DICIEMBRE 2025

jueves, 29 de enero de 2026

LIDERAR HOY: INCERTIDUMBRE, CAMBIO Y MIRADA ESTRATÉGICA

 


Por Guillermo Ceballos Serra

¿Por qué el liderazgo que funcionó ayer ya no alcanza?

La incertidumbre no distingue tamaño de empresa. Tampoco debería hacerlo el liderazgo.


Durante mucho tiempo, liderar significaba tener respuestas.

Hoy, liderar implica algo mucho más desafiante: sostener la incertidumbre sin paralizar a las personas ni a la organización.

El contexto cambió más rápido que nuestros modelos mentales. La velocidad, la complejidad y la ambigüedad dejaron obsoletas muchas formas tradicionales de conducir equipos y empresas, especialmente en el mundo PyME.

El fin de un presente estable

En el pasado, la presente era estático y el futuro inexistente.
Los cambios eran tan lentos que resultaban casi imperceptibles, y la idea de un futuro distinto apenas se cuestionaba.

Hoy ocurre lo contrario: el presente es efímero —dura segundos— y el futuro es incierto, dinámico y cambiante. No se puede predecir con precisión, pero sí se puede liderar con criterio.

Este nuevo escenario exige una profunda revisión del rol del líder.

Liderar en la incertidumbre

Una verdad incómoda que muchos líderes aún evitan aceptar es que la incertidumbre no se elimina.
Se gestiona.

Negarla solo aumenta el miedo. El problema no es no saber; el verdadero problema es no decir nada.

Cuando el líder no gestiona la incertidumbre, aparecen patrones muy claros:

  • Silencio prolongado
  • Cambios de rumbo sin explicación
  • Micromanagement
  • Mensajes contradictorios

El resultado es previsible: equipos ansiosos, rumores, parálisis o hiperactividad improductiva.

No es casual que se cumpla una regla simple pero poderosa: cuando el líder se desordena, la organización se desordena.

¿Qué esperan hoy los equipos de sus líderes?

En contextos inciertos, los equipos no esperan certezas absolutas. Esperan tres cosas muy concretas:

  • Calma emocional
  • Dirección clara
  • Sentido

No esperan que el líder lo sepa todo. Esperan que no desaparezca.

Sin embargo, muchos líderes cometen un error frecuente: creen que mostrar dudas es debilidad. Entonces se callan. Pero el silencio no transmite fortaleza; transmite abandono.

Decidir sin certezas: la regla del 60%

En la incertidumbre, esperar el 100% de información suele ser la decisión más riesgosa.
Por eso cobra valor una heurística simple y muy práctica: la regla del 60/40.

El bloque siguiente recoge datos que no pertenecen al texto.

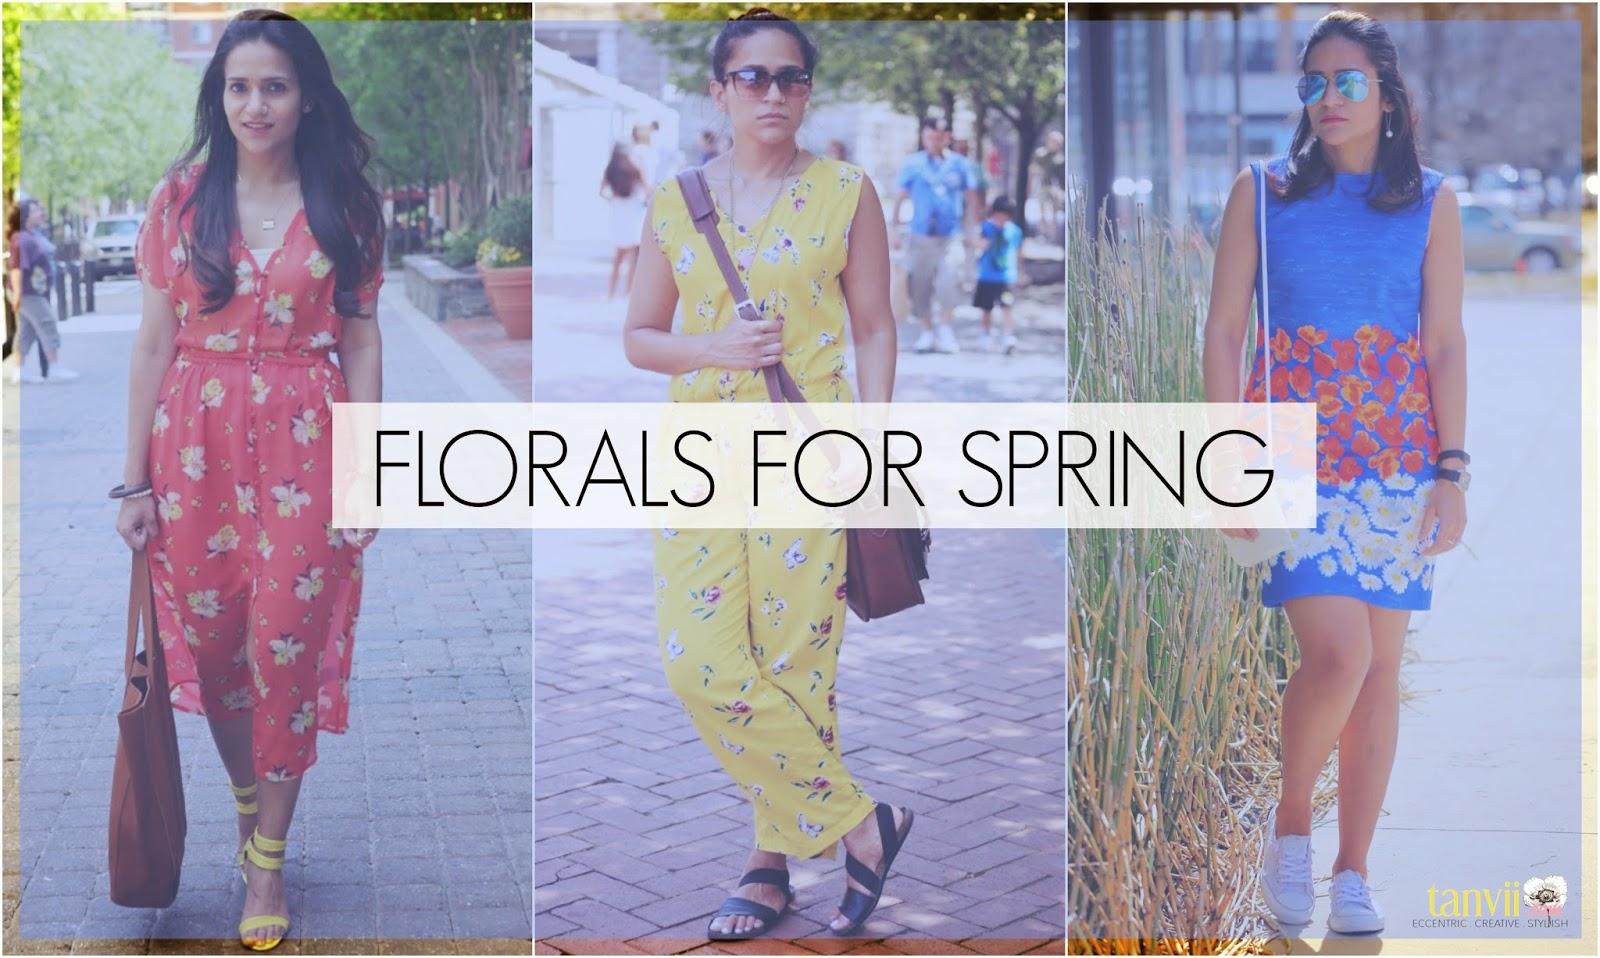 Florals For Spring, Trend 2015, Tanvii.com

Con el 60% de información, decidimos.
El 40% restante lo ajustamos en el camino.

Esta lógica transmite movimiento, aprendizaje y confianza. Decidir “suficientemente bien y a tiempo” suele ser mucho más efectivo que decidir perfecto y tarde.

Un mensaje clave que muchos líderes necesitan animarse a decir es:

“No tengo todas las respuestas hoy, pero sí tengo claro hacia dónde vamos y qué es prioritario ahora.”

Lejos de debilitar al líder, este mensaje lo humaniza y lo vuelve creíble.

El cambio y por qué suele fracasar

El cambio no fracasa por falta de planes.
Fracasa porque se lidera desde el lugar equivocado.

Toda transformación atraviesa distintos niveles:

  1. Emociones y creencias
    Miedo, desconfianza, incertidumbre, “esto ya lo vi”.
    Aquí nace la resistencia. Las personas no se resisten al cambio; se resisten a perder seguridad.
  2. Mentalidad
    “Esto no va a durar”, “no es para nosotros”, “a mí no me va a servir”.
    Sin un cambio de mentalidad, los comportamientos vuelven atrás.
  3. Comportamientos
    Cumplen a medias, simulan, esperan que pase.
    El cambio no falla en el diseño; falla cuando no se traduce en comportamientos concretos.
  4. Procesos y herramientas
    Lo visible: sistemas, roles, métricas.
    Paradójicamente, es lo primero que se cambia y lo último que debería tocarse.

El rol del líder es clave en cada nivel: escuchar y bajar ansiedad, explicar sentido y consecuencias, dar el ejemplo y corregir rápido, y recién después formalizar procesos.
Primero personas, después Excel.

Liderar estratégicamente hoy

Durante años se asoció la estrategia con planes rígidos y proyecciones a largo plazo. Hoy, ese enfoque quedó corto.

La estrategia es el norte.
No el mapa.

Liderar estratégicamente no es predecir el futuro, sino decidir cómo responder cuando el futuro es incierto. Es sostener la dirección aun cuando el camino deba ajustarse.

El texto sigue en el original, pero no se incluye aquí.